Wide Column - Cassandra uses a wide column storage model, which allows for flexible storage. Data is organized into column families, where each can have multiple rows with varying numbers of columns. You can read/write large amounts of data quickly and also add new columns without having to do a schema migration.
We did a much more detailed dive on Cassandra that you can read here.
Picking Postgres
After evaluating both choices extensively, Reddit decided to go with Postgres.
The reasons why included:
Challenges with Managing Cassandra - They found some challenges with managing Cassandra. Ad-hoc queries for debugging and visibility were far more difficult compared to Postgres.
Data Denormalization Issues with Cassandra - In Cassandra, data is typically denormalized and stored in a way to optimize specific queries (based on your application). However, this can lead to challenges when creating new queries that your data hasn’t been specifically modeled for.
Reddit uses AWS, so they went with AWS Aurora Postgres. For more on AWS RDS, you can check out a detailed tech dive we did here.
Data Migration
Migrating to Postgres was a big challenge for the team. They had to transfer terabytes of data from the different systems to Postgres while ensuring that the legacy systems could continue serving over 100k reads per second.
Here’s the steps they went through for the migration
Dual Writes - Any new media metadata would be written to both the old systems and to Postgres.
Backfill Data - Data from the older systems would be backfilled into Postgres
Dual Reads - After Postgres has enough data, enable dual reads so that read requests are served by both Postgres and the old system
Monitoring and Ramp Up - Compare the results from the dual reads and fix any data gaps. Slowly ramp up traffic to Postgres until they could fully cutover.
Scaling Strategies
With that strategy, Reddit was able to successfully migrate over to Postgres.
Currently, they’re seeing peak loads of ~100k reads per second. At that load, the latency numbers they’re seeing with Postgres are
2.6 ms P50 - 50% of requests have a latency lower than 2.6 milliseconds
4.7 ms P90 - 90% of requests have a latency lower than 4.7 milliseconds
17 ms P99 - 99% of requests have a latency lower than 17 milliseconds
They’re able to achieve this without needing a read-through cache.
We’ll talk about some of the strategies they’re using to scale.
Table Partitioning
At the current pace of media content creation, Reddit expects their media metadata to be roughly 50 terabytes. This means they need to implement sharding and partition their tables across multiple Postgres instances.
Reddit shards their tables based on post_id
where they use range-based partitioning. All posts with a post_id
in a certain range will be put on the same database shard.
post_id
increases monotonically, so this means that their table will be partitioned by time periods.

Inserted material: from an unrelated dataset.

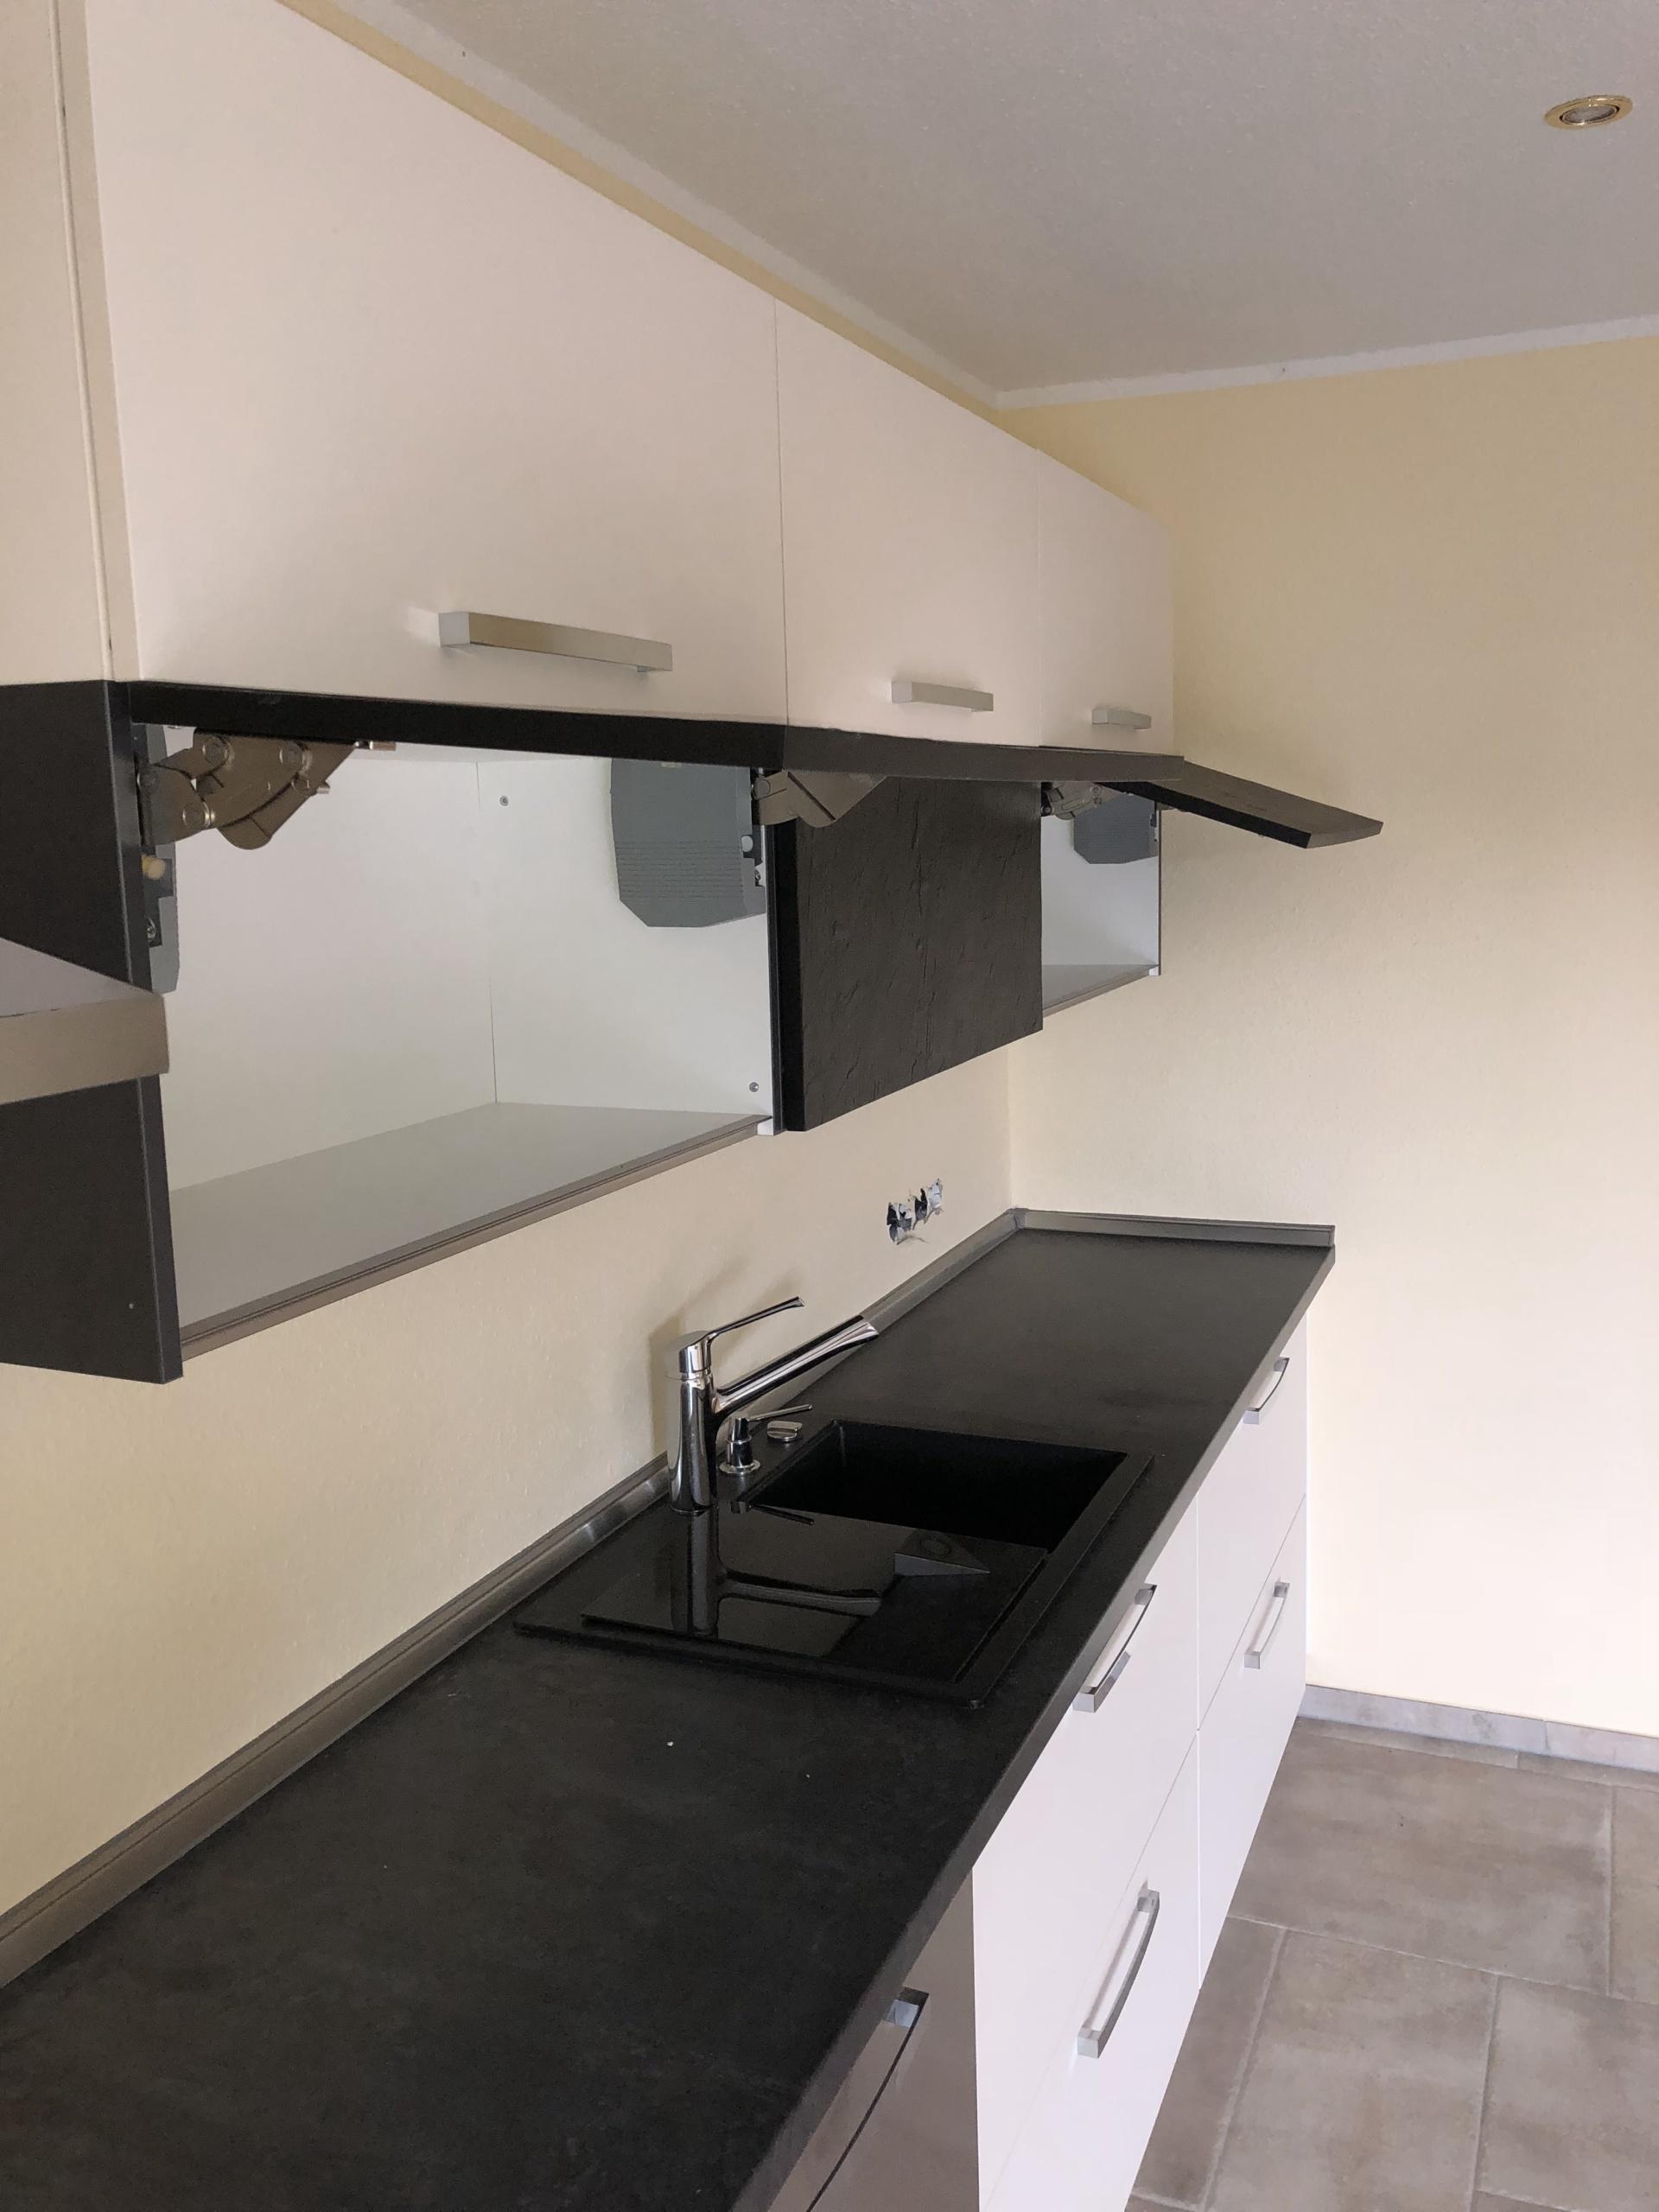 Küchenzeile-Klapphängger-geöffnet

Many of their read requests involve batch queries on multiple IDs from the same time period, so this design helps minimize cross-shard joins.
Reddit uses the pg_partman Postgres extension to manage the table partitioning.
Denormalization
Another way Reddit minimizes joins is by using denormalization.

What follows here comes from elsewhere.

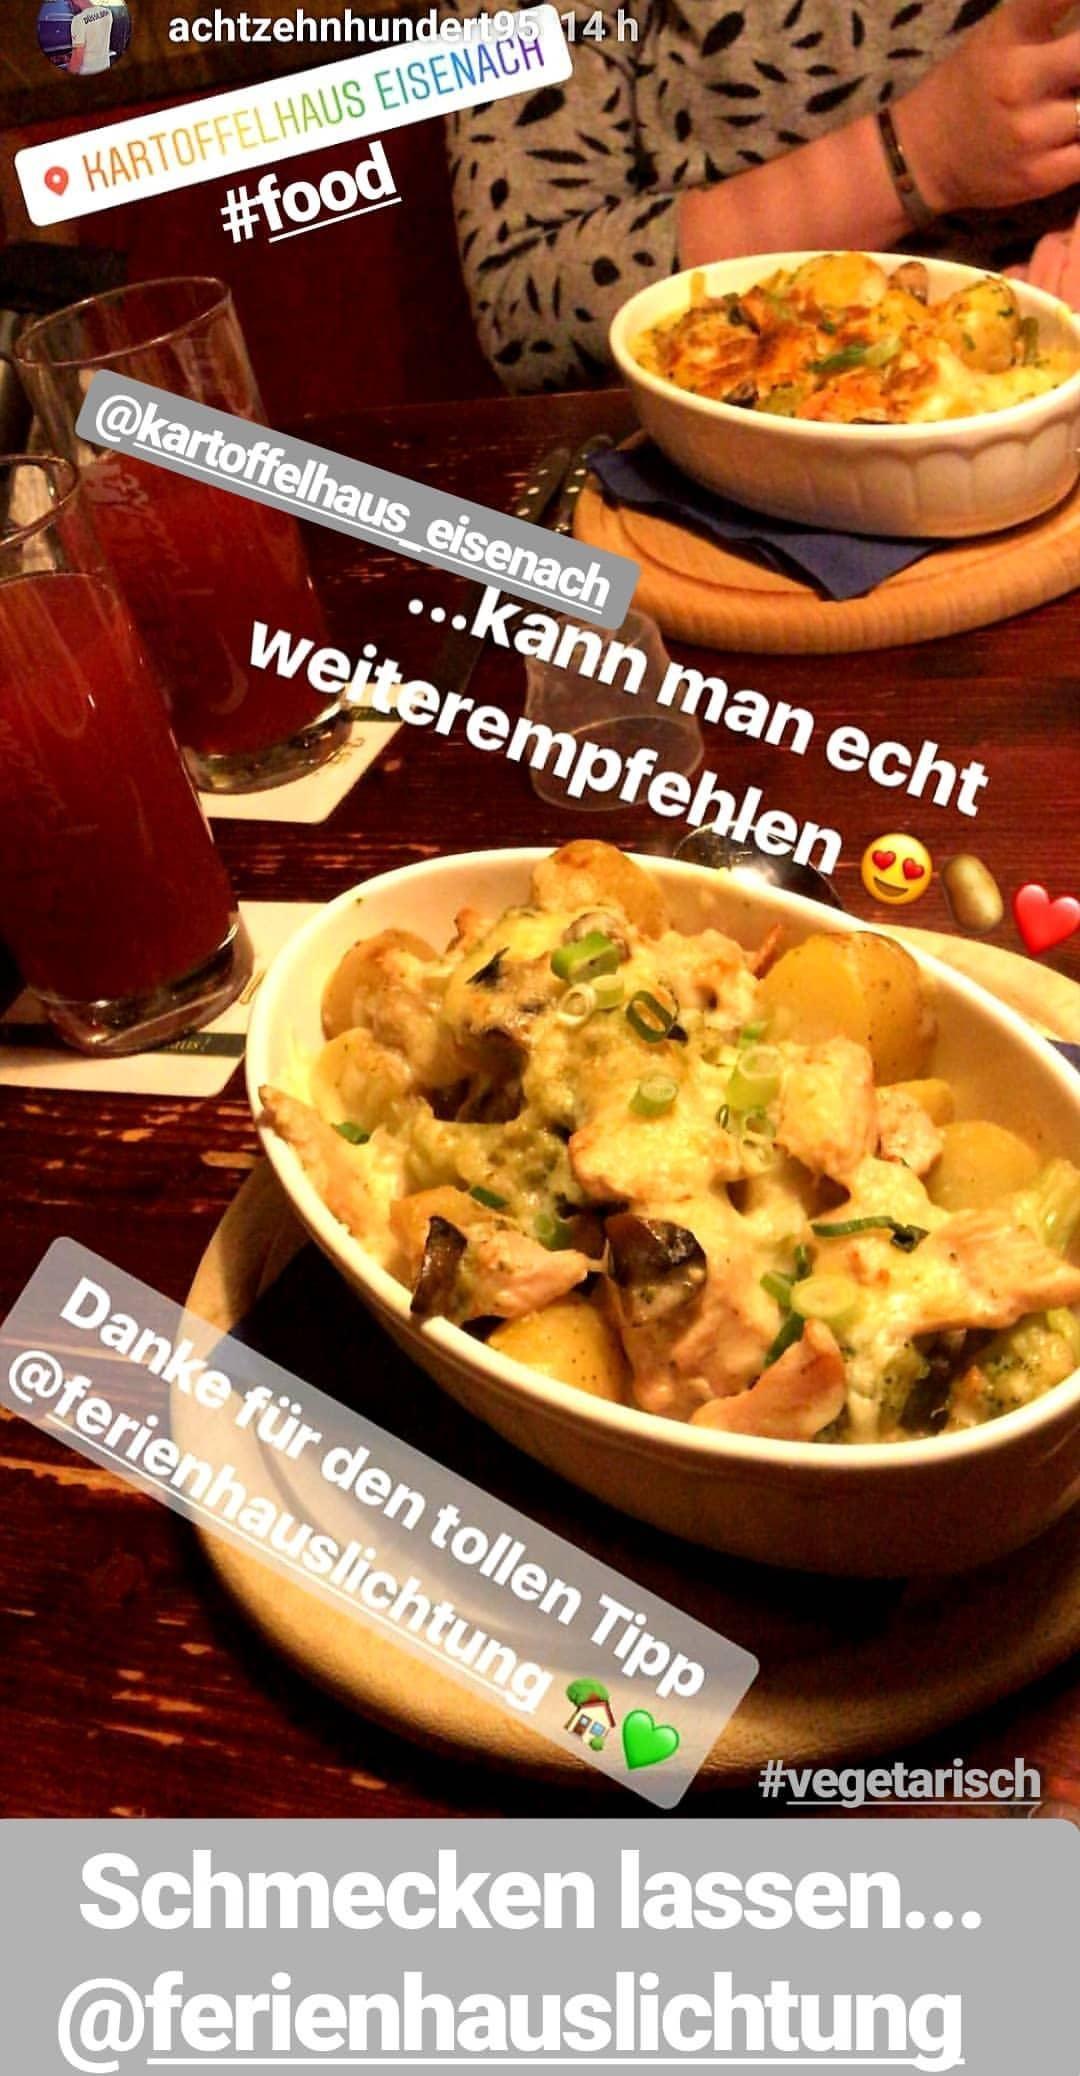 Vegetarische Speisen vom Feinsten...im Kartoffelhaus in

They took all the metadata fields required for displaying an image post and put them together into a single JSONB field. Instead of fetching different fields and combining them, they can just fetch that single JSONB field.
This made it much more efficient to fetch all the data needed to render a post.
All the metadata needed to render an image post
It also simplified the querying logic, especially across different media types. Instead of worrying about exactly which data fields you needed, you just fetch the single JSONB value.